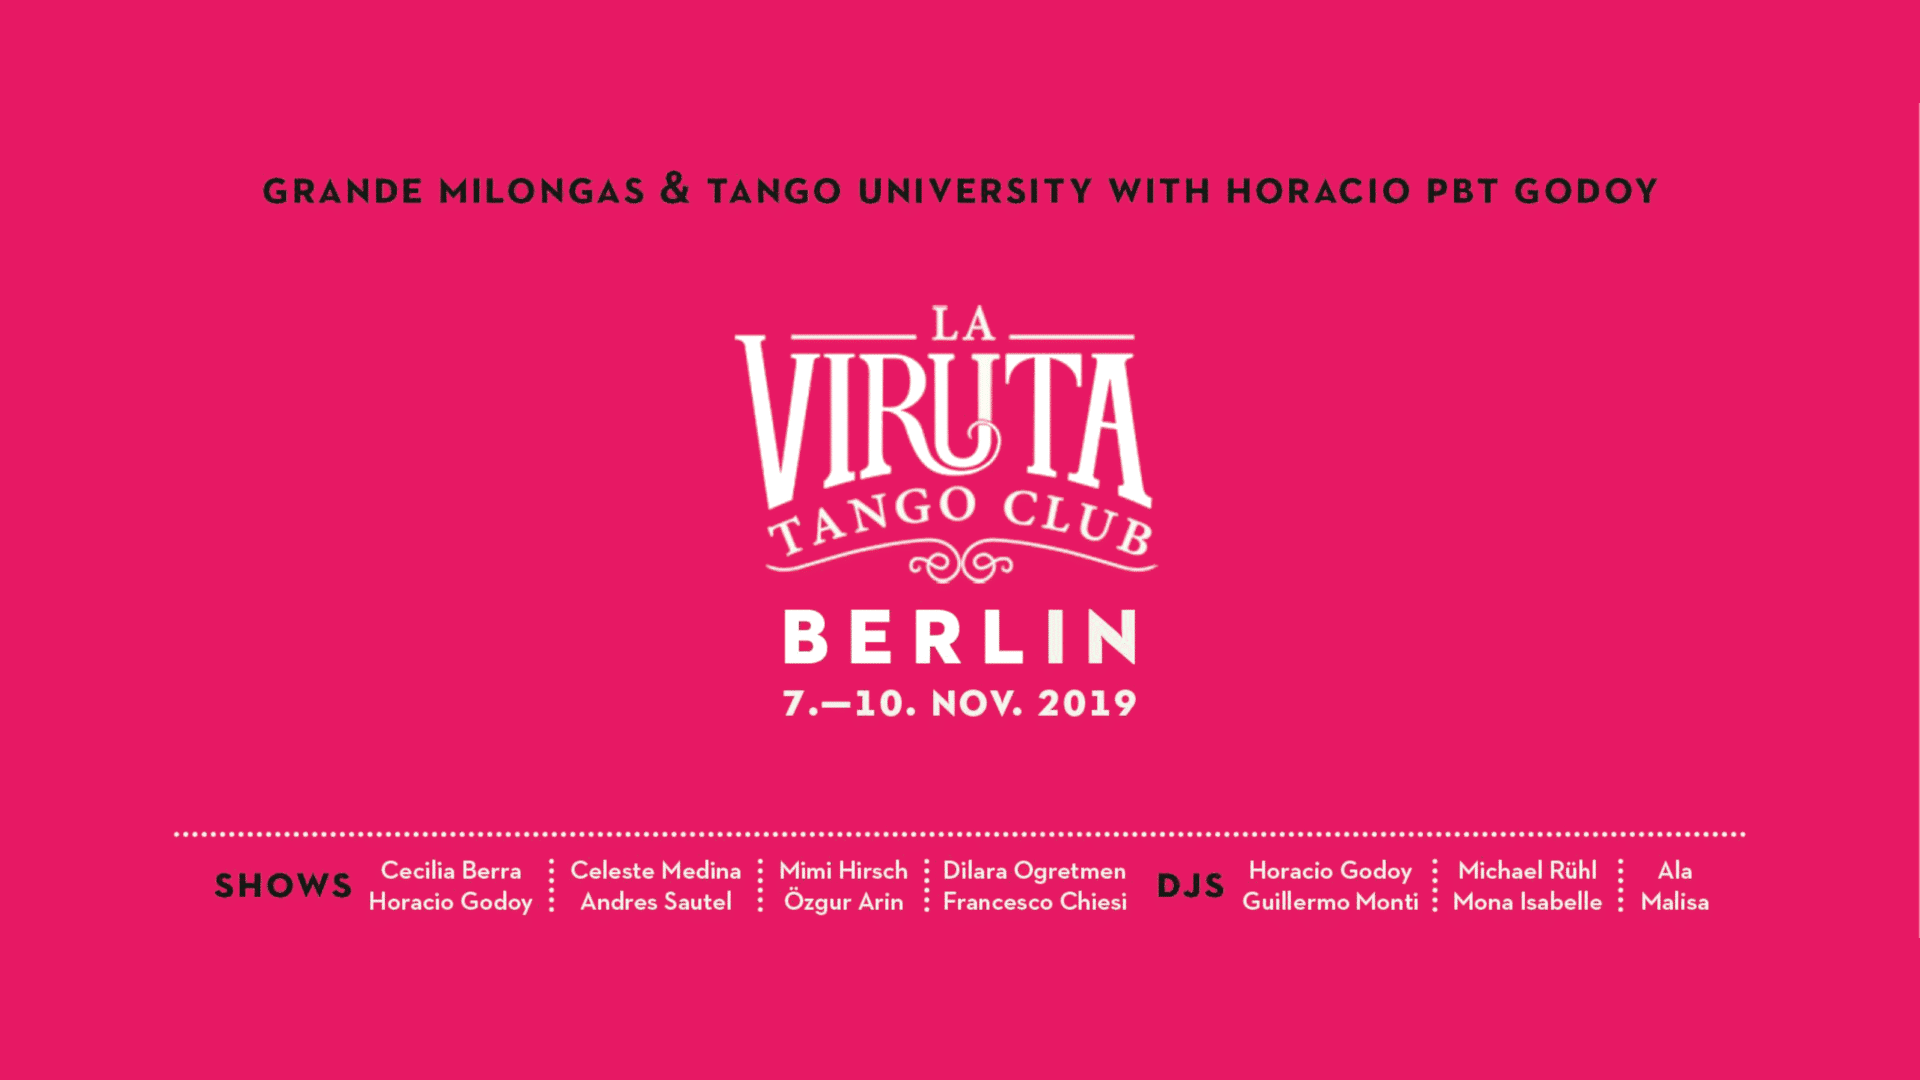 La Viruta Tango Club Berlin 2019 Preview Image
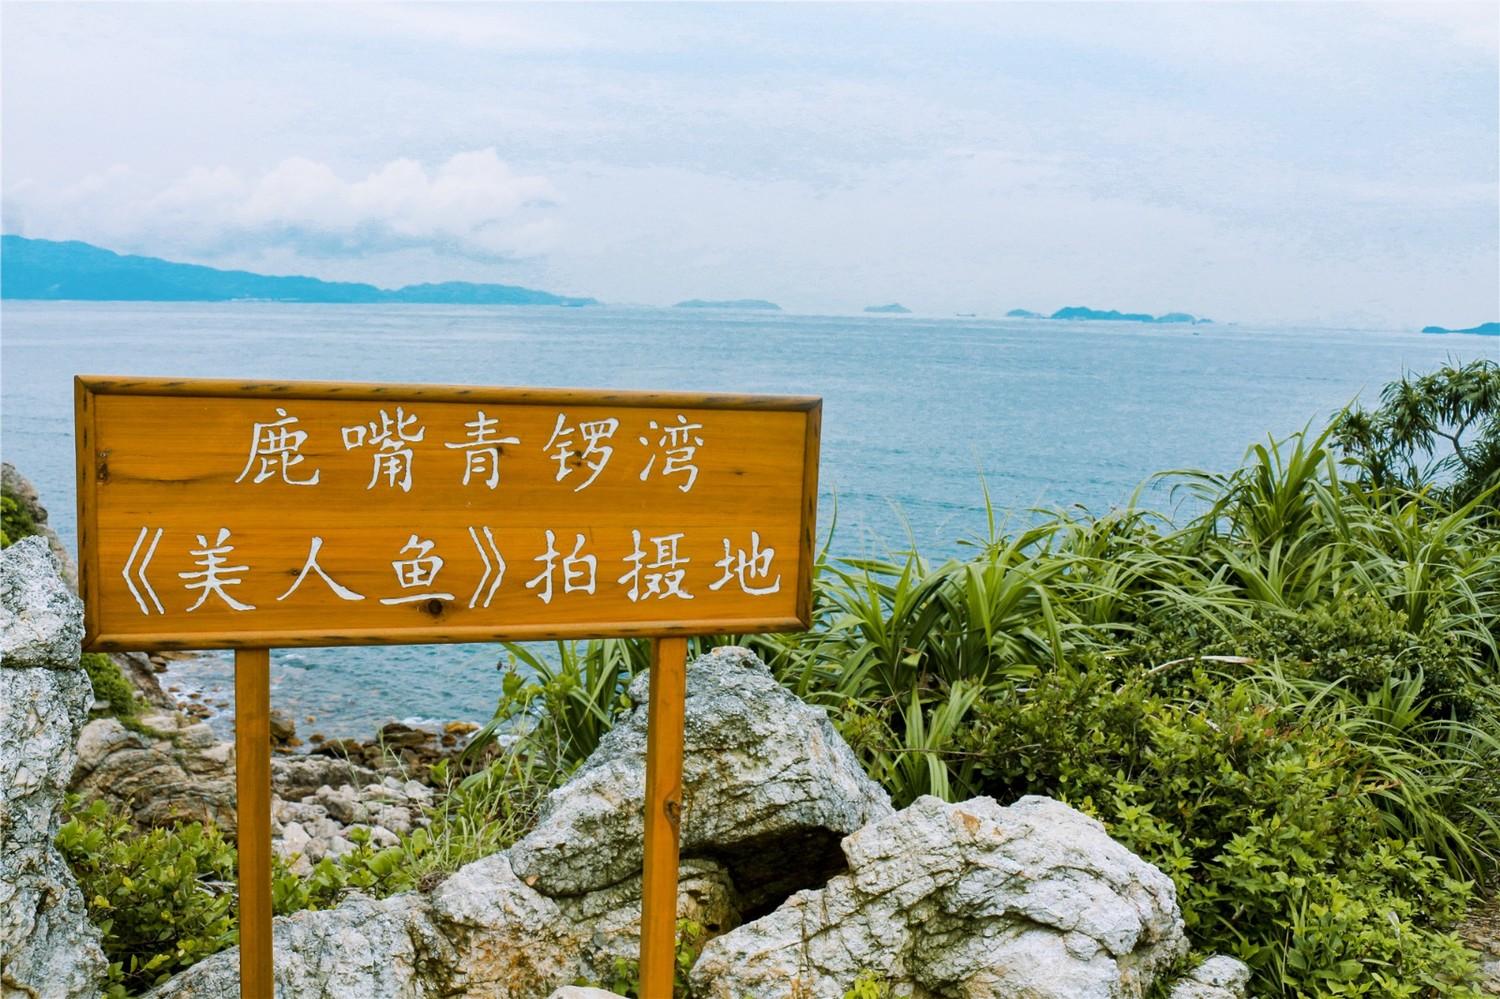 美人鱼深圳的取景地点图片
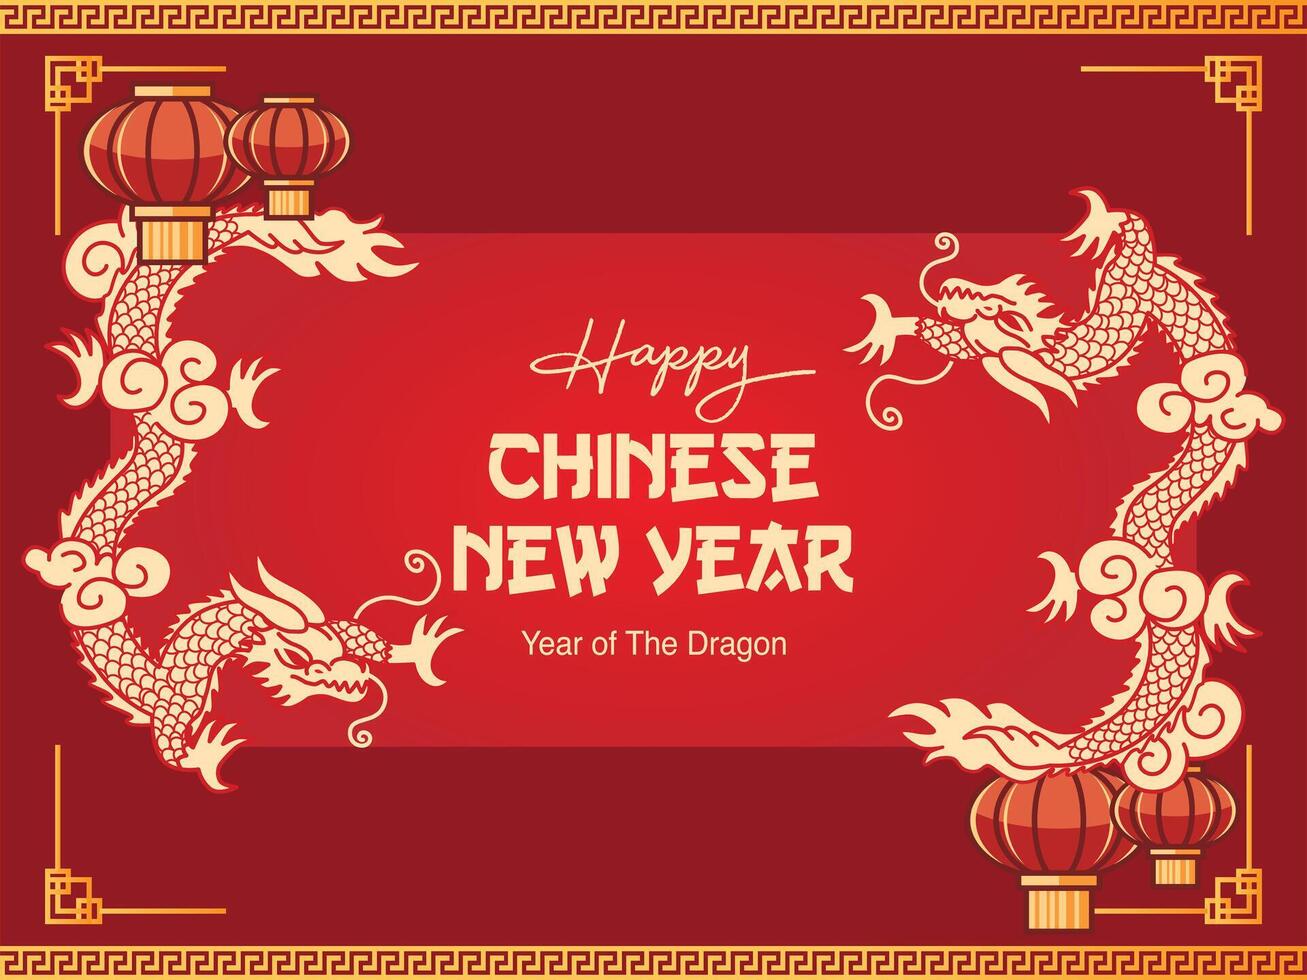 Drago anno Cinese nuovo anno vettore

Assignment: Make an exact copy of the listing above. Its pictures are not needed.

Response box:
 La Viruta Tango Club Berlin 2019 Preview Image
 美人鱼深圳的取景地点图片
 Drago anno Cinese nuovo anno vettore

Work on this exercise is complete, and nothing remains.